== Segment start ==
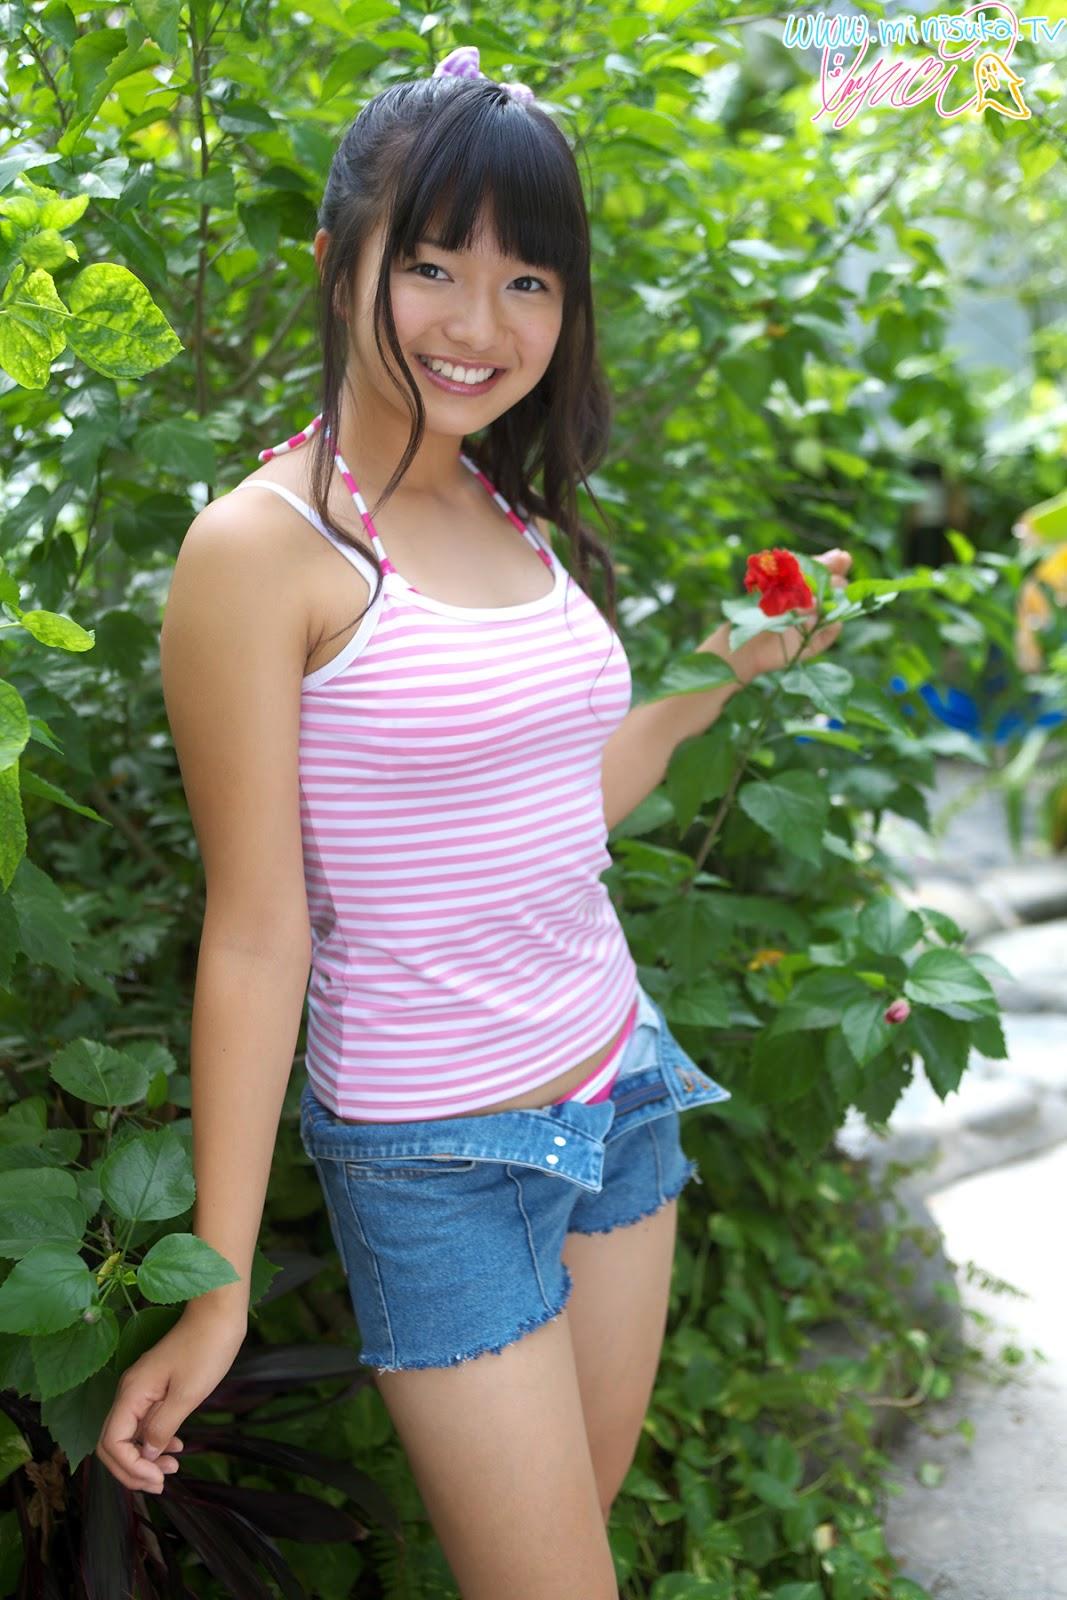 binaries young asian Alt
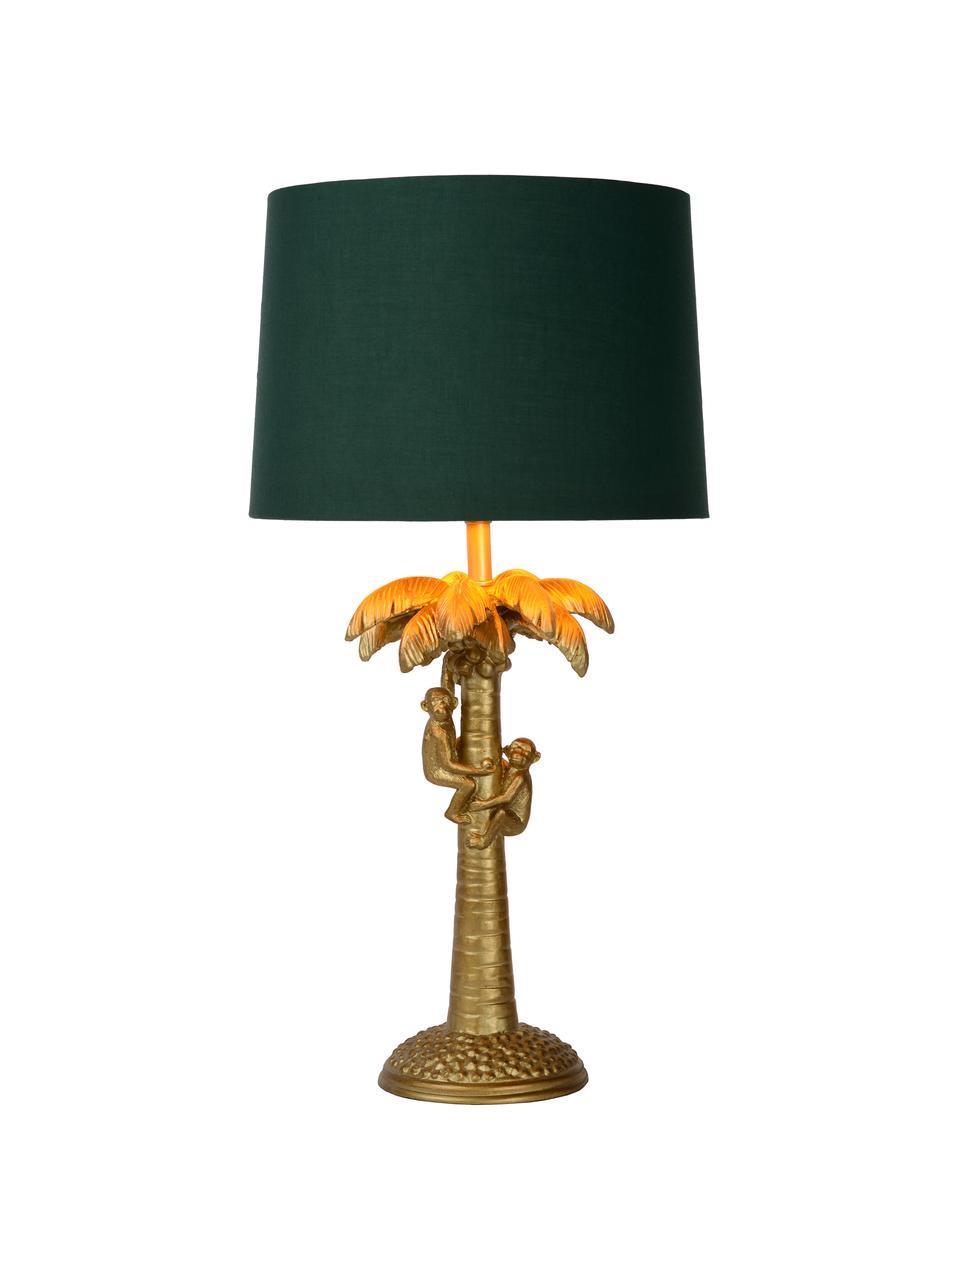 Große Boho-Tischlampe Coconut in Grün-Gold, Lampenschirm: Baumwolle, Lampenfuß: Kunststoff, Messingfarben, Grün, Ø 31 x H 58 cm
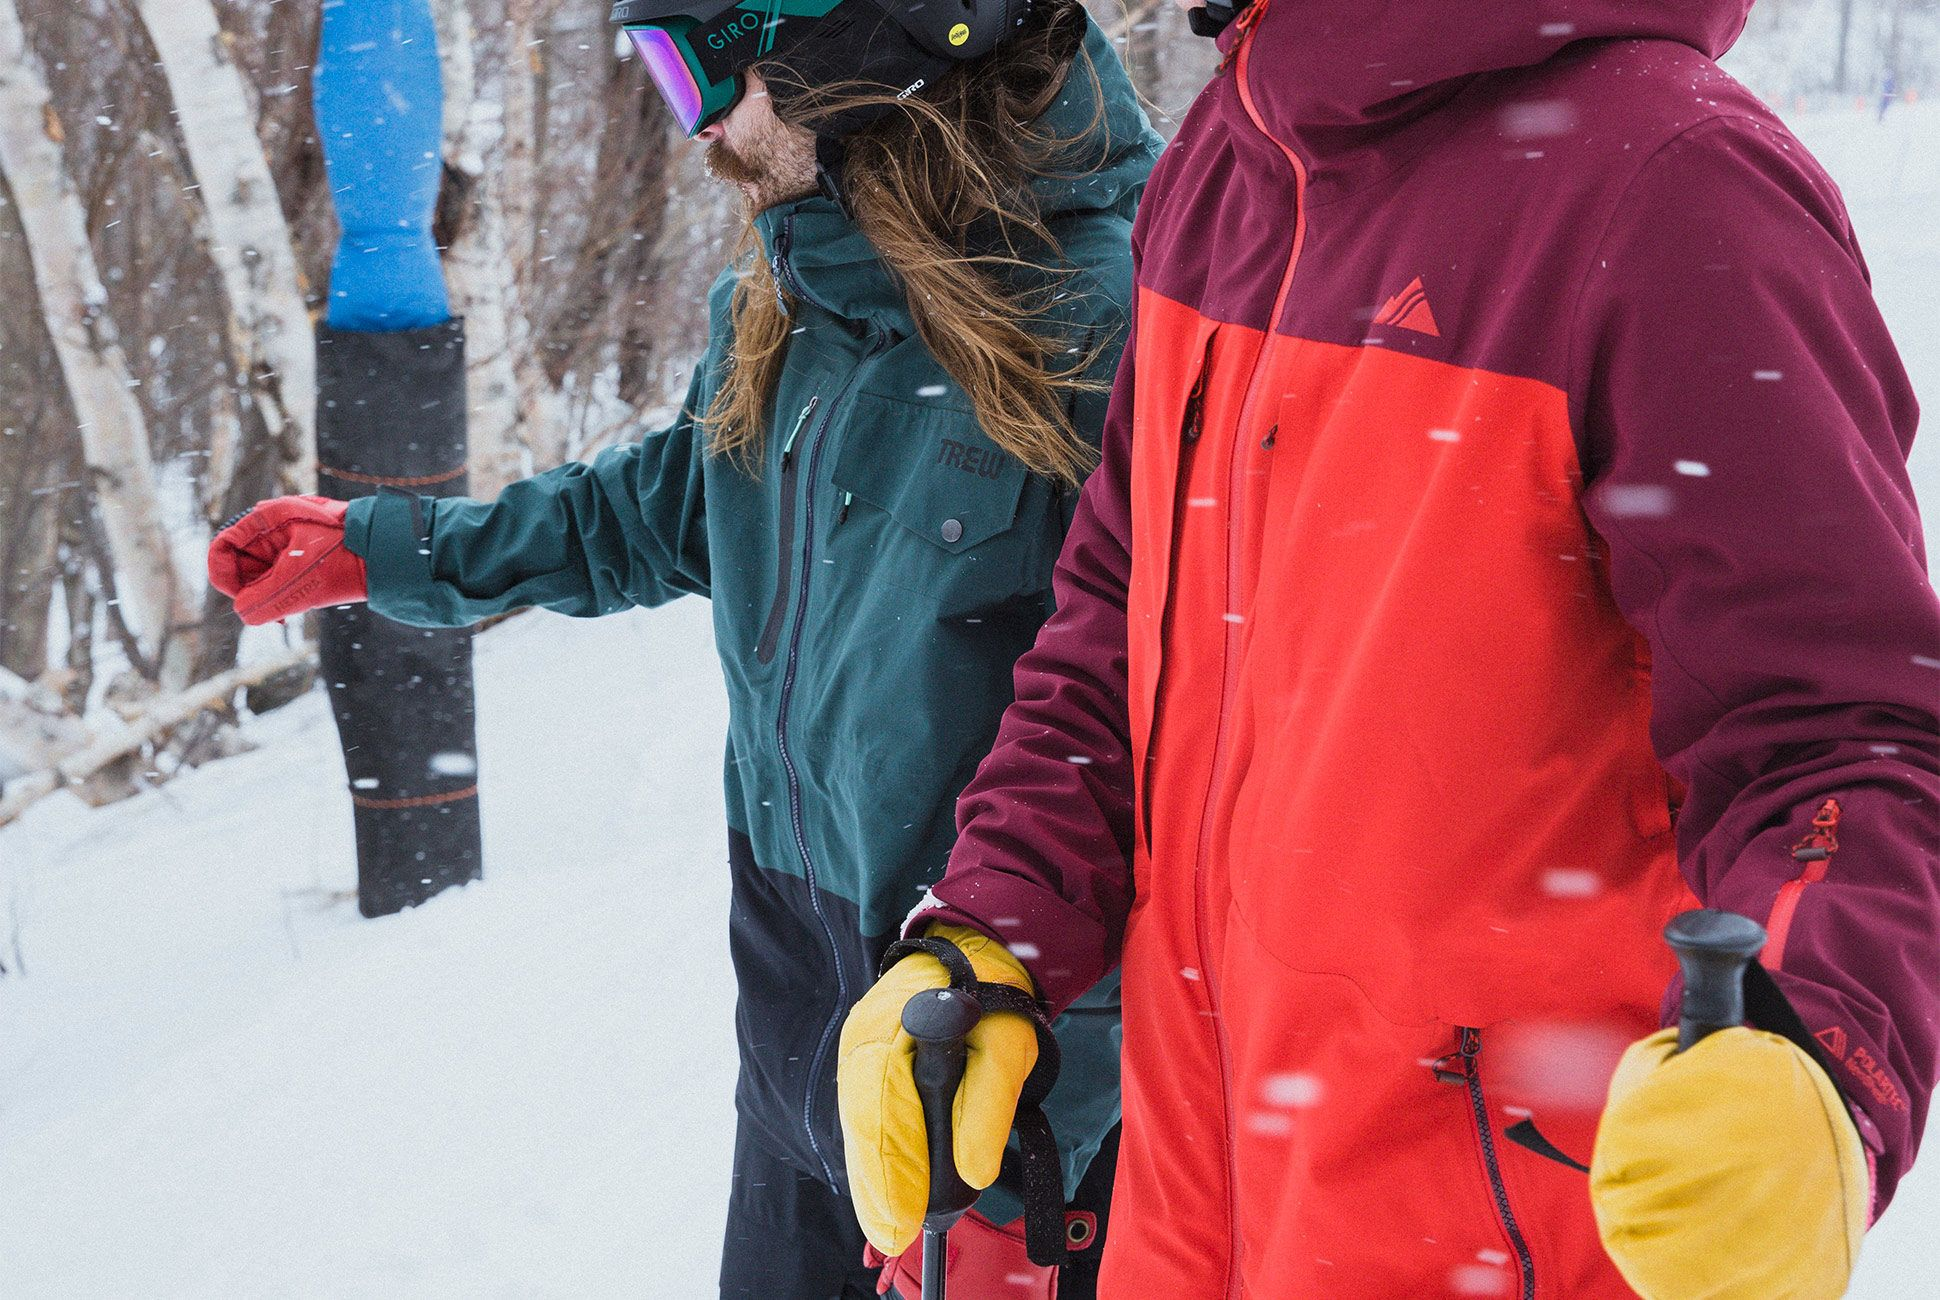 ultimate-ski-and-snow-gear-patrol-strafe-slide-2
== Segment end ==
* [Problem requirements]: Copy exactly, please, the lines that run from the line holding "Große Boho-Tischlampe Coconut" through the closing line of the material above, omitting every picture.

* [Answer box]:
 Große Boho-Tischlampe Coconut in Grün-Gold, Lampenschirm: Baumwolle, Lampenfuß: Kunststoff, Messingfarben, Grün, Ø 31 x H 58 cm
 ultimate-ski-and-snow-gear-patrol-strafe-slide-2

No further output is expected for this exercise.